EXERCISE: All of the listing should be returned as written, apart from any picture in it.

SOURCE DATA:
-------
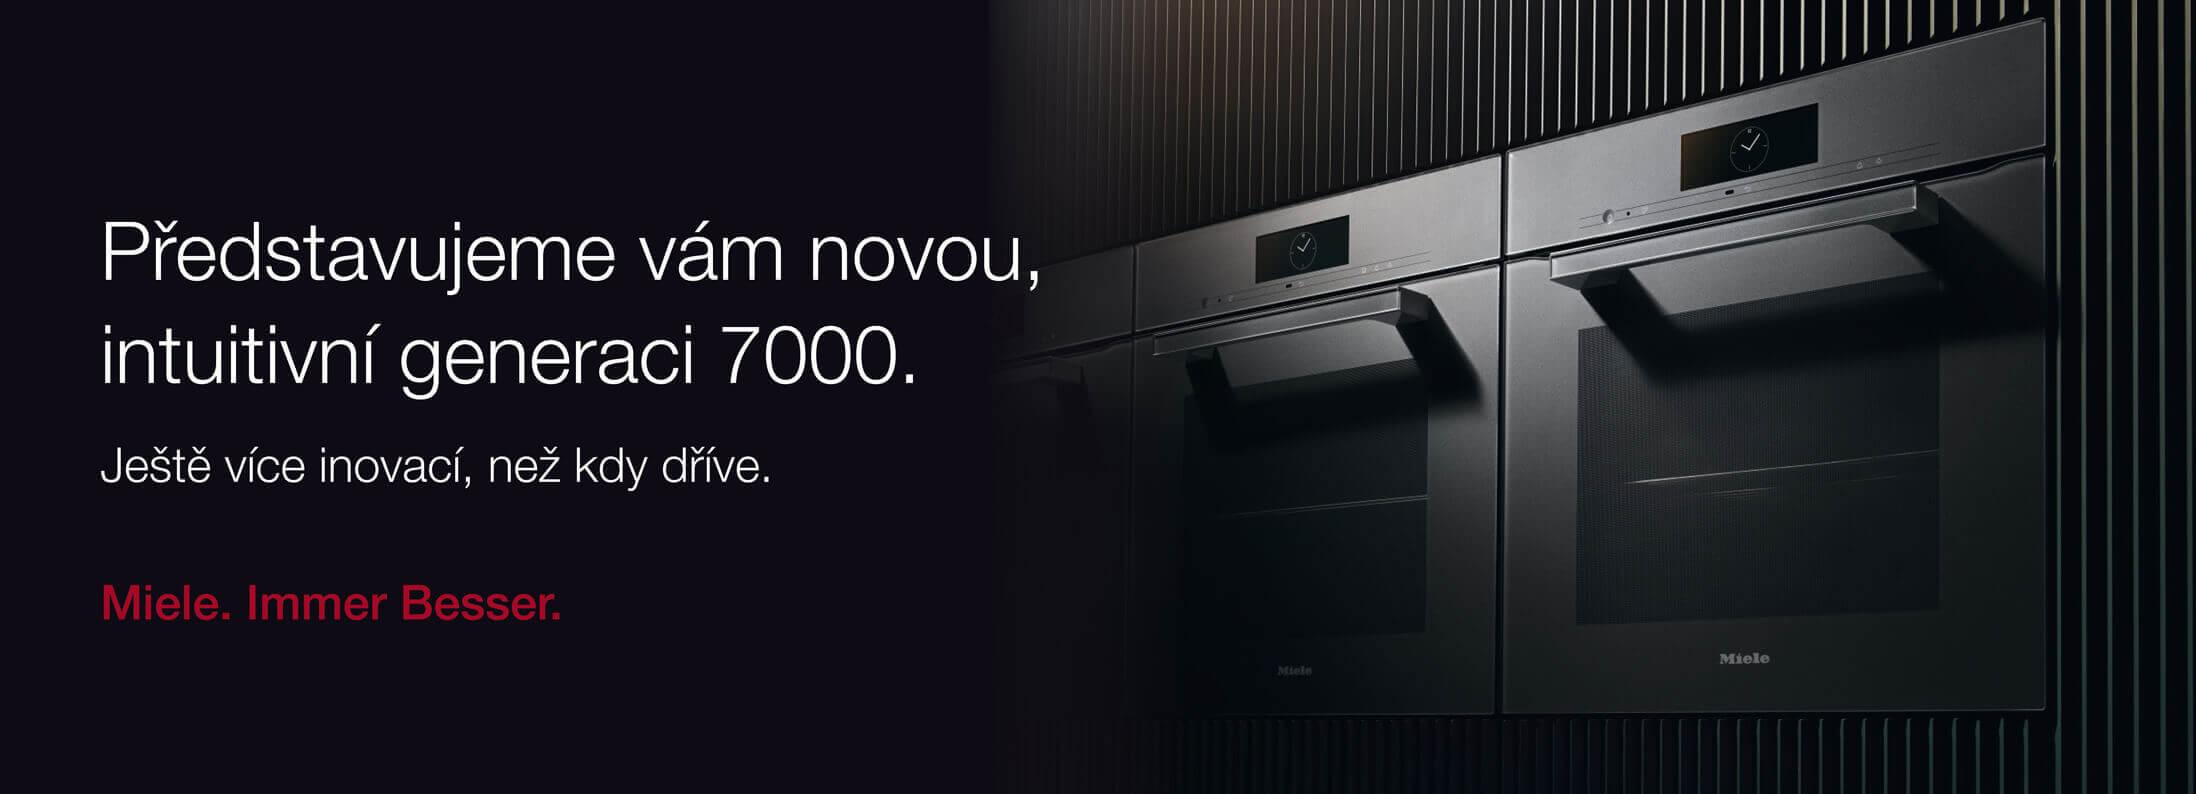 Miele nová intuitivní generace 7000
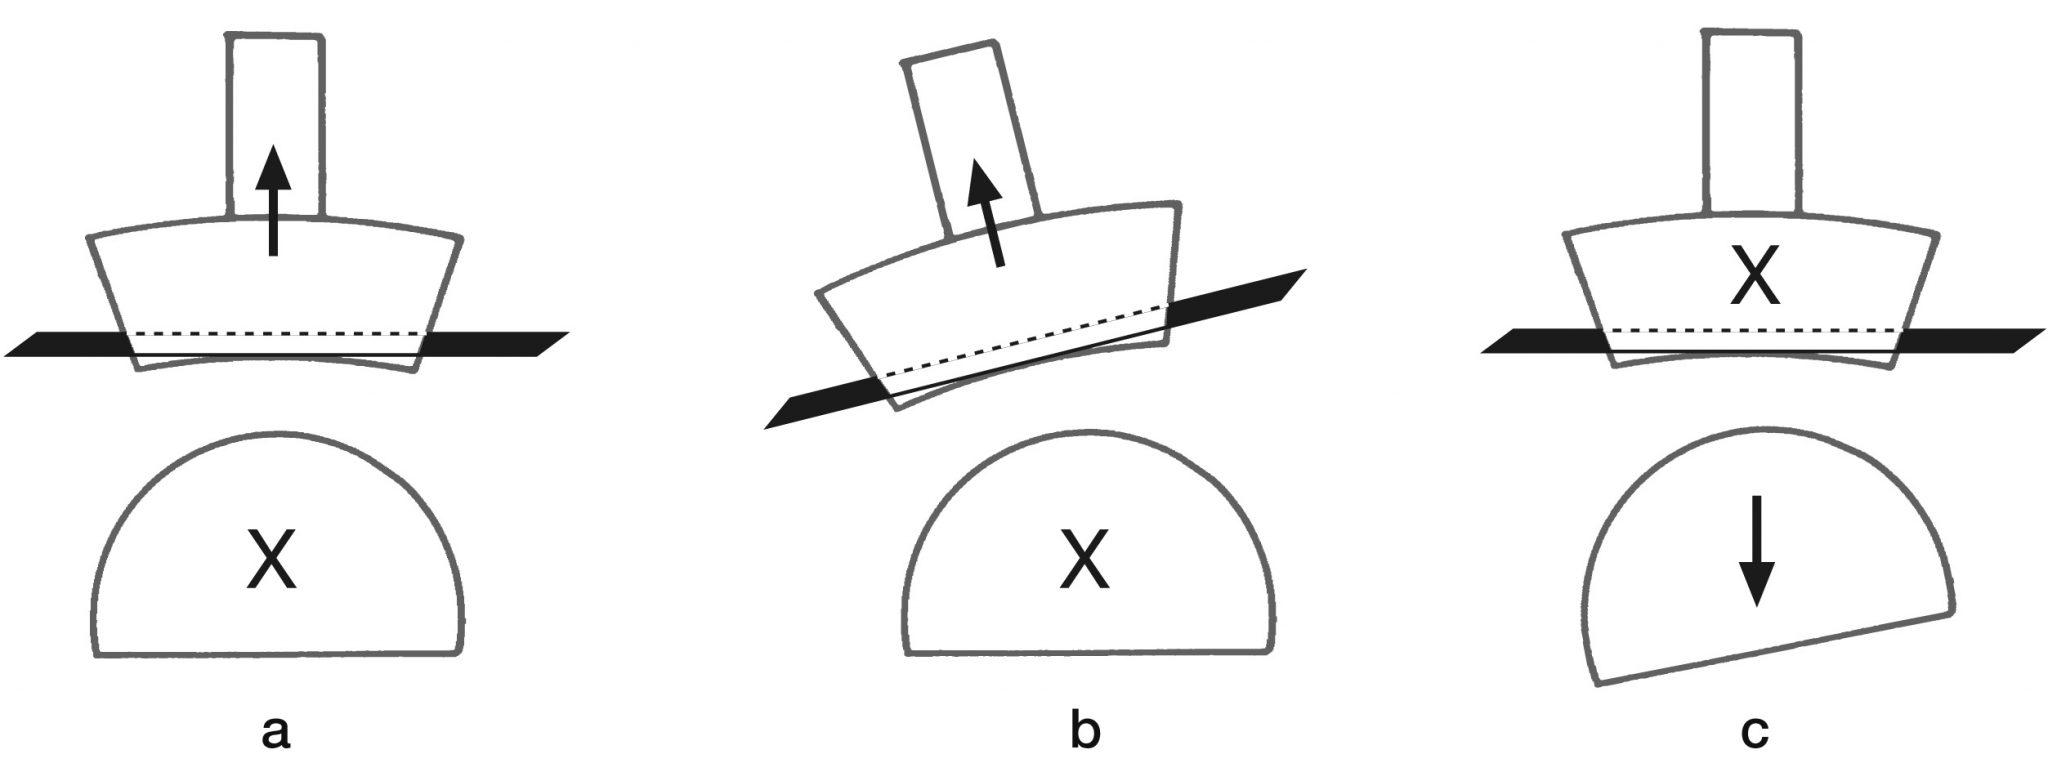 Traktion-Varianten
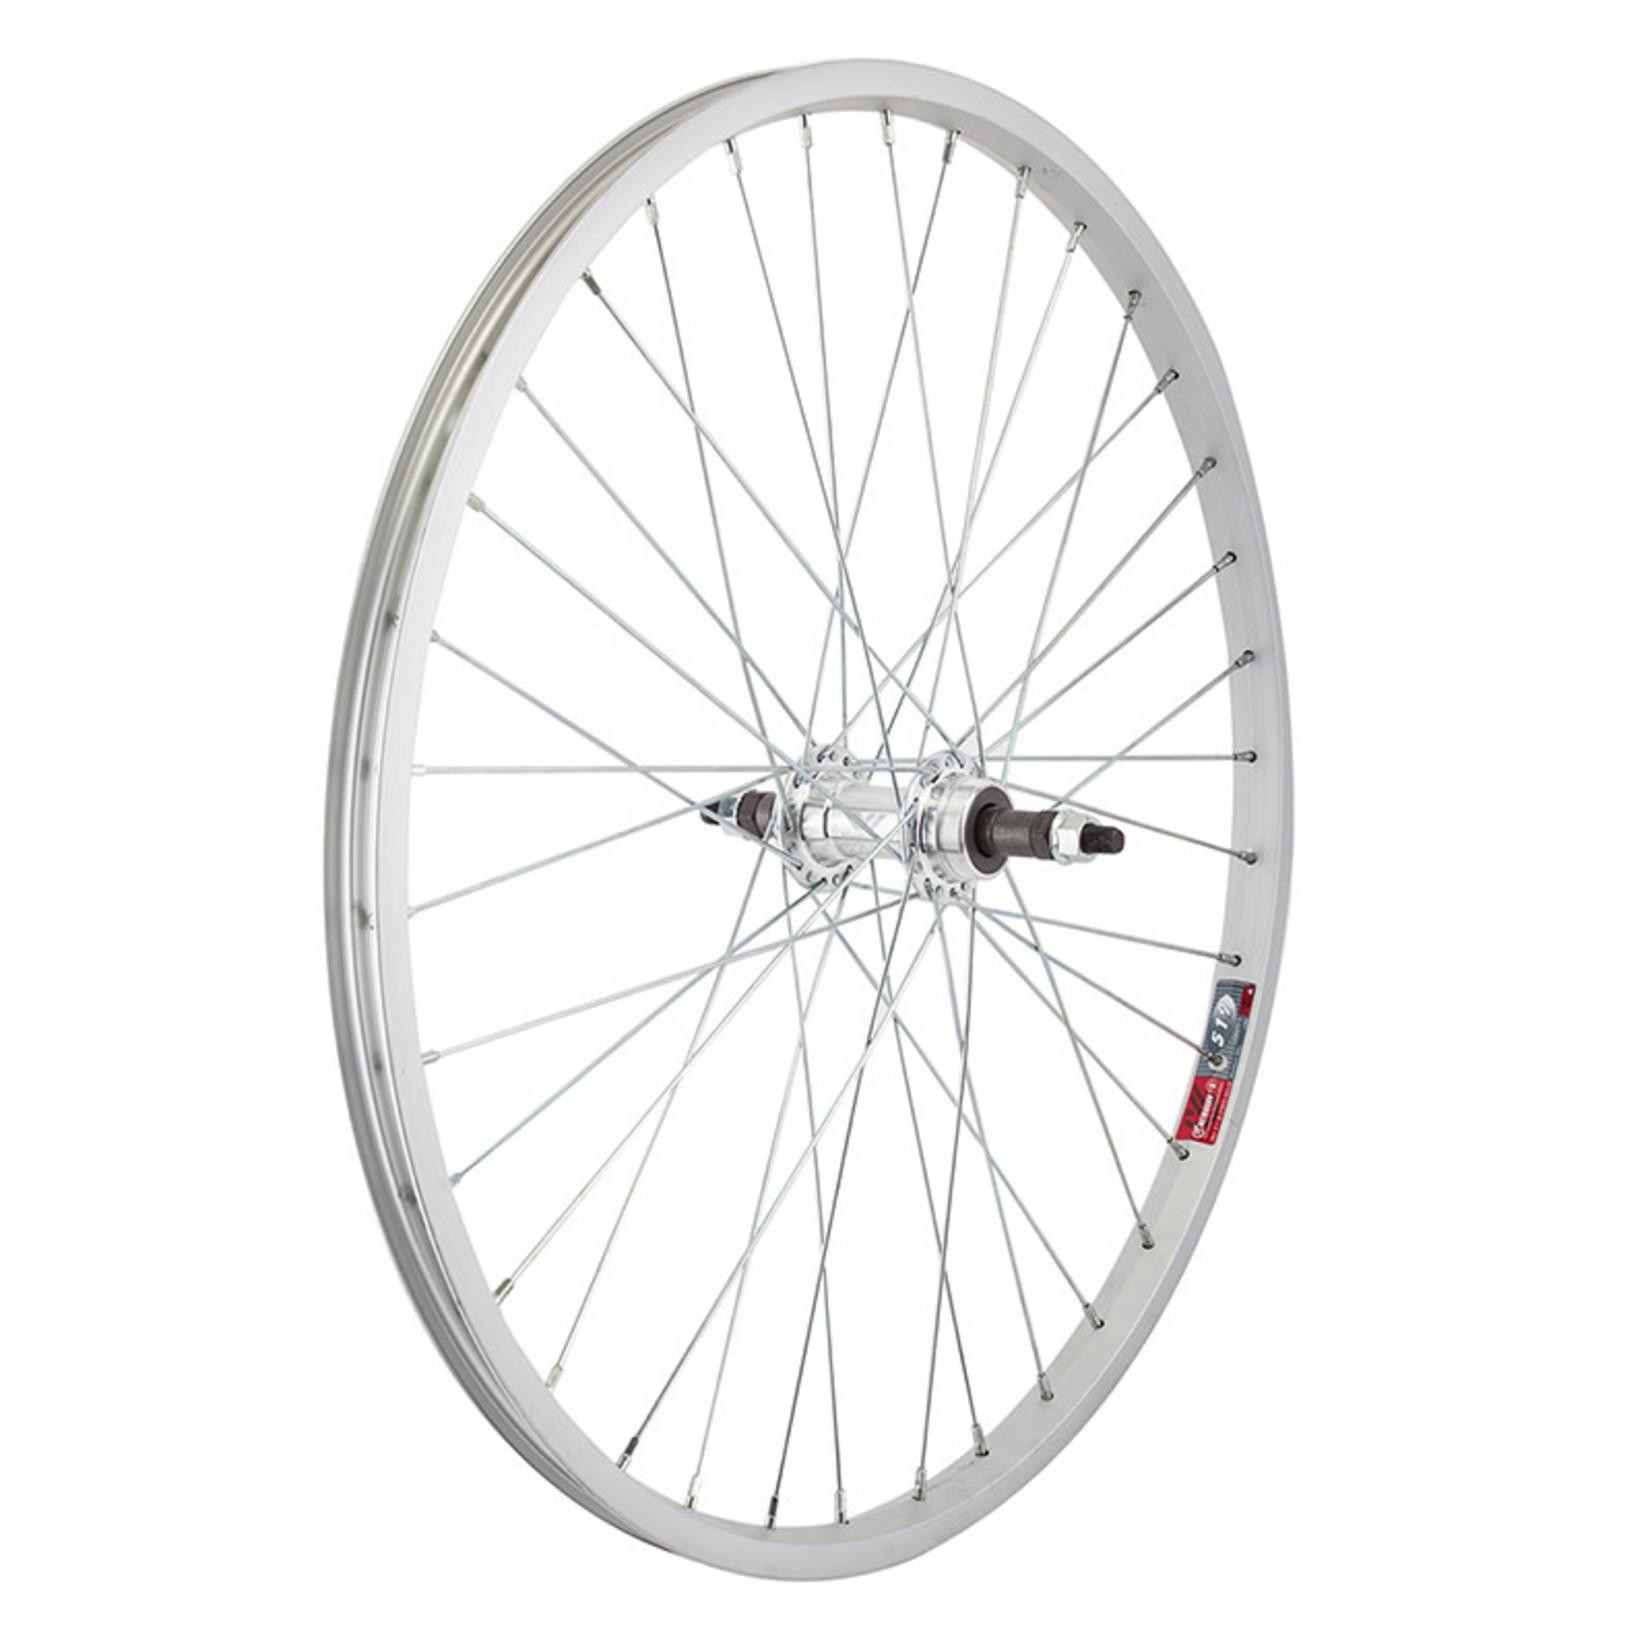 """24"""" Rear Wheel Alloy Mountain Single Wall FW BO 3/8 135mm 14g Silver"""
-------
SOLUTION TO THIS PROBLEM:
 Miele nová intuitivní generace 7000
 Traktion-Varianten
 """24"""" Rear Wheel Alloy Mountain Single Wall FW BO 3/8 135mm 14g Silver"""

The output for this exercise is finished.